Skip to content

Run:ai System Components

Components

Run:ai is made up of two components:

  • The Run:ai cluster provides scheduling services and workload management.
  • The Run:ai control plane provides resource management, Workload submission and cluster monitoring.

Technology-wise, both are installed over a Kubernetes Cluster.

Run:ai users:

  • Researchers submit Machine Learning workloads via the Run:ai Console, the Run:ai Command-Line Interface (CLI), or directly by sending YAML files to Kubernetes.
  • Administrators monitor and set priorities via the Run:ai User Interface

multi-cluster-architecture

Run:ai Cluster

  • Run:ai comes with its own Scheduler. The Run:ai scheduler extends the Kubernetes scheduler. It uses business rules to schedule workloads sent by Researchers.
  • Run:ai schedules Workloads. Workloads include the actual researcher code running as a Kubernetes container, together with all the system resources required to run the code, such as user storage, network endpoints to access the container etc.
  • The cluster uses an outbound-only, secure connection to synchronize with the Run:ai control plane. Information includes meta-data sync and various metrics on Workloads, Nodes etc.
  • The Run:ai cluster is installed as a Kubernetes Operator
  • Run:ai is installed in its own Kubernetes namespace named runai
  • Workloads are run in the context of Run:ai Projects. Each Project is mapped to a Kubernetes namespace with its own settings and access control.

Run:ai Control Plane on the cloud

The Run:ai control plane is used by multiple customers (tenants) to manage resources (such as Projects & Departments), submit Workloads and monitor multiple clusters.
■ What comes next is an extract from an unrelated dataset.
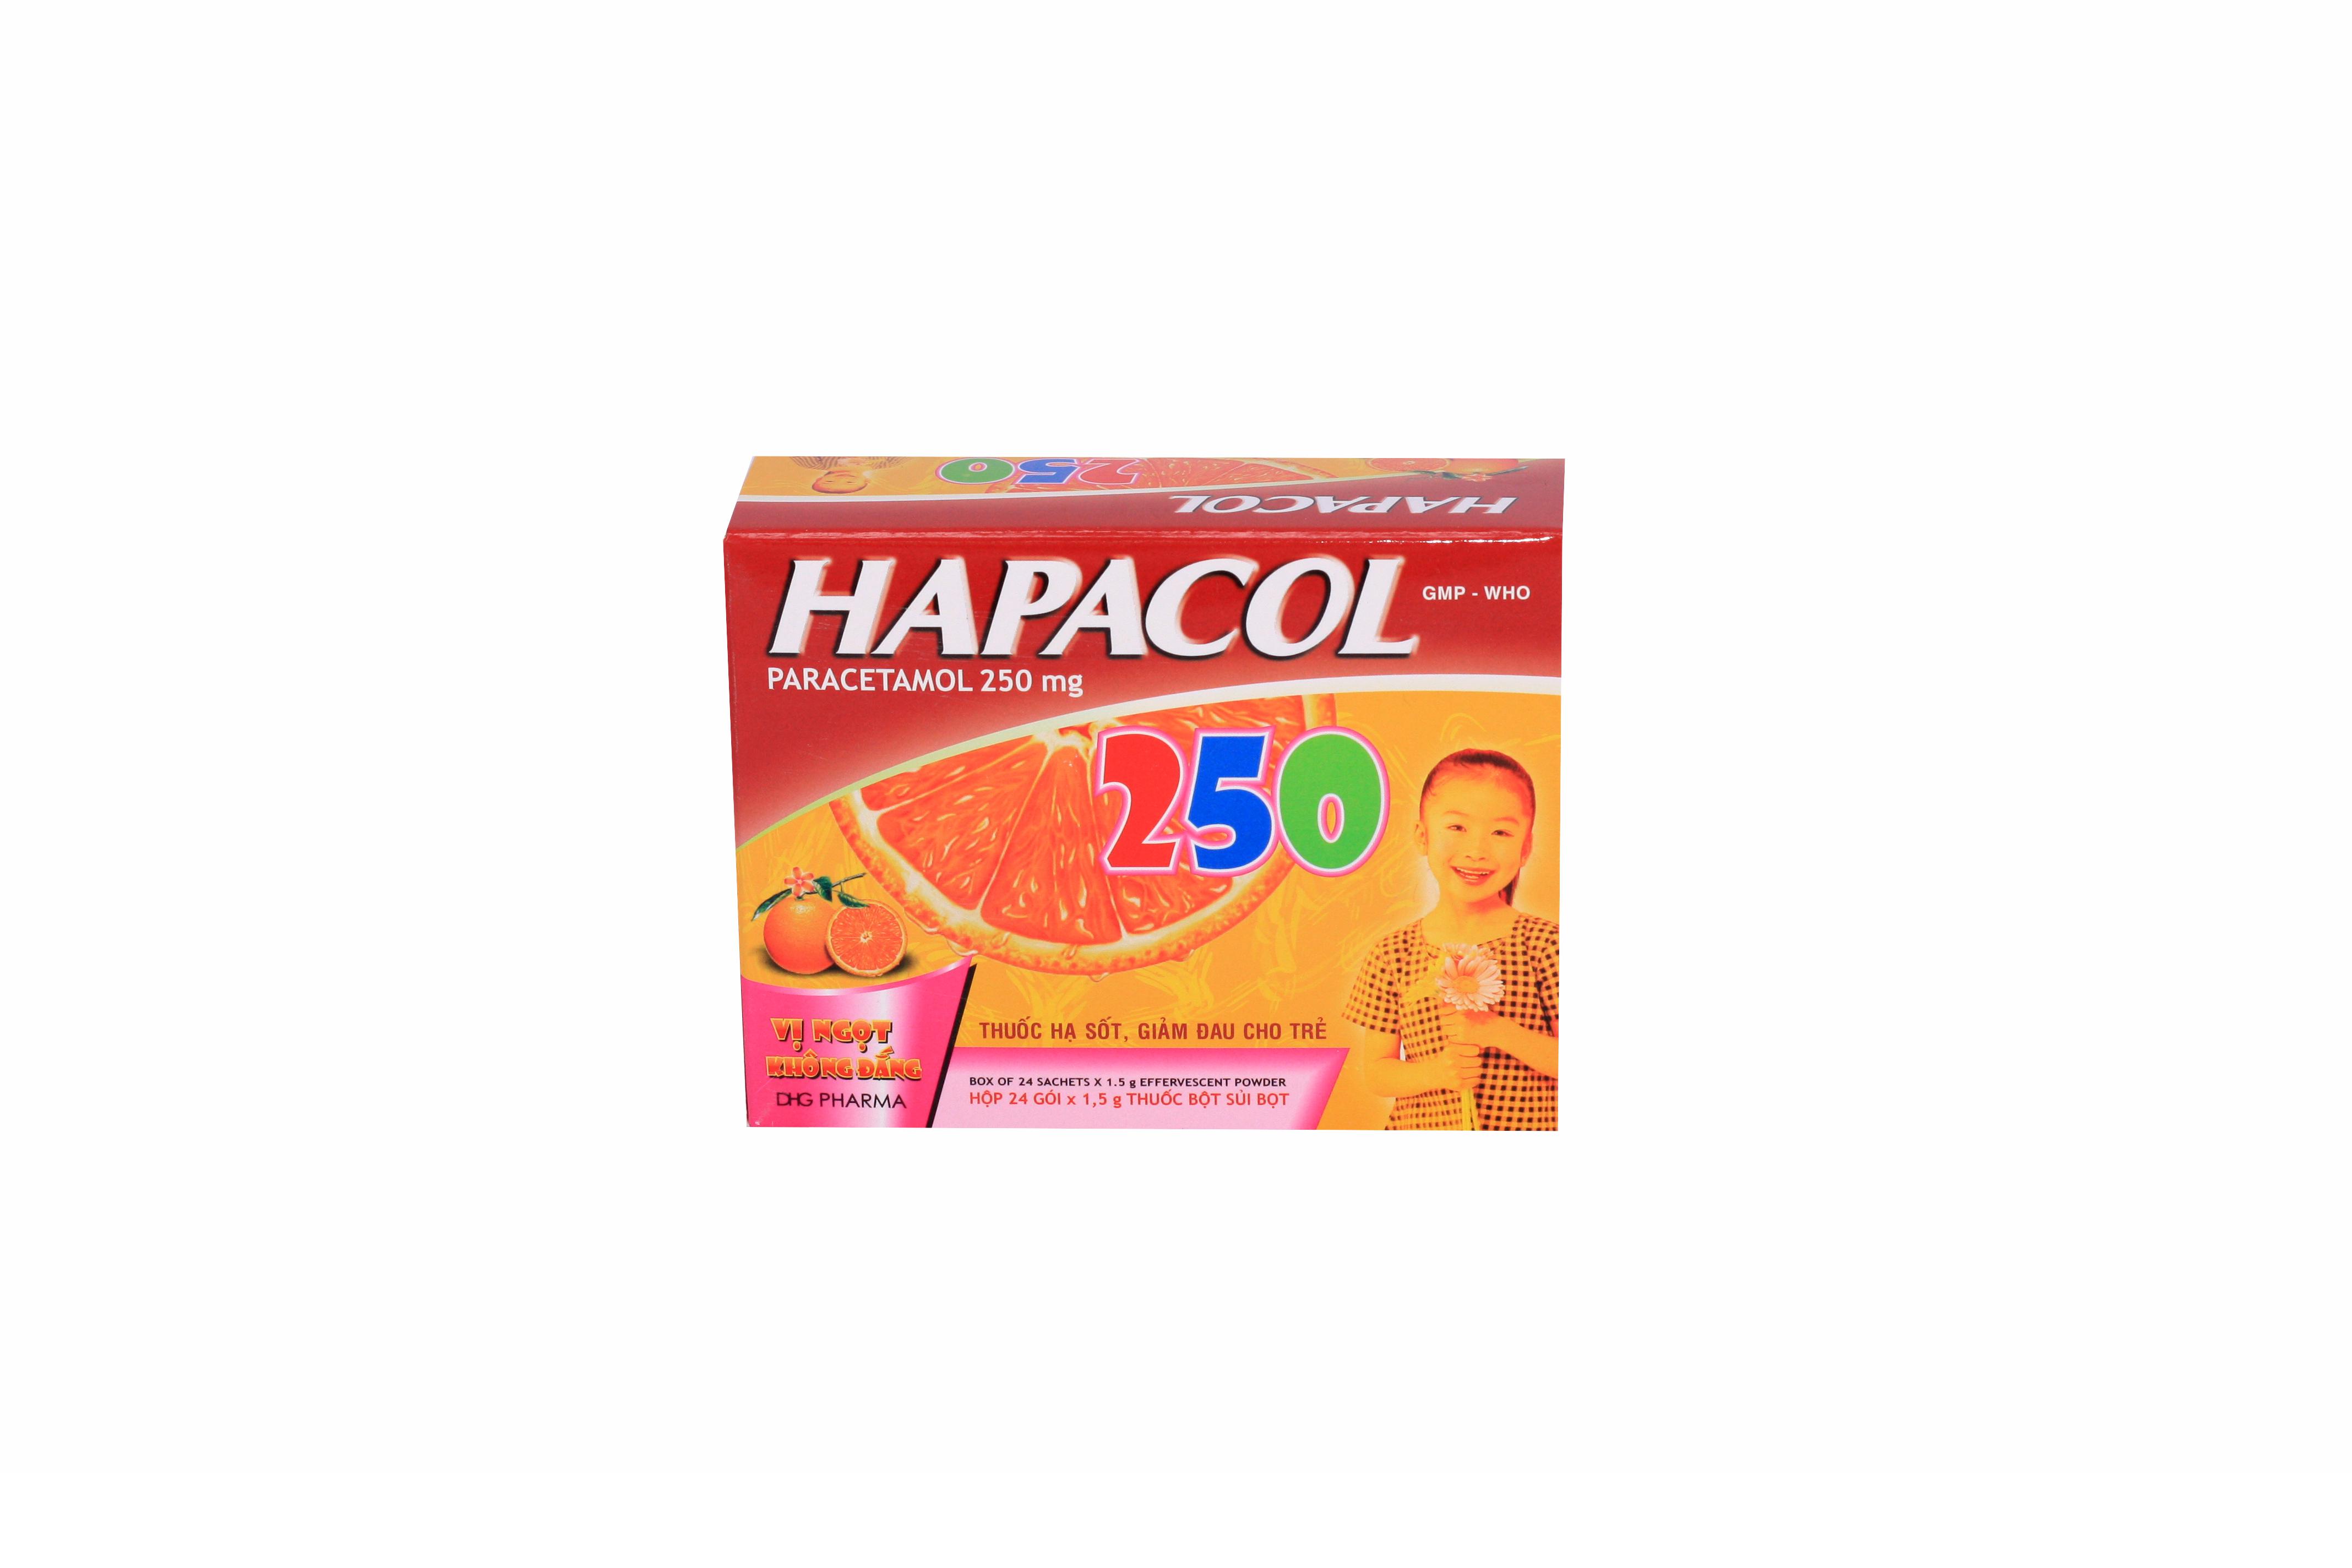 Hapacol 250mg (Paracetamol) DHG Pharma (H/24g)

A single Run:ai customer (tenant) defined in the control-plane, can manage multiple Run:ai clusters. So a single customer, can manage mutltiple GPU clusters in multiple locations/subnets from a single interface.

Self-hosted Control-Plane

The Run:ai control plane can also be locally installed. To understand the various installation options see the installation types document.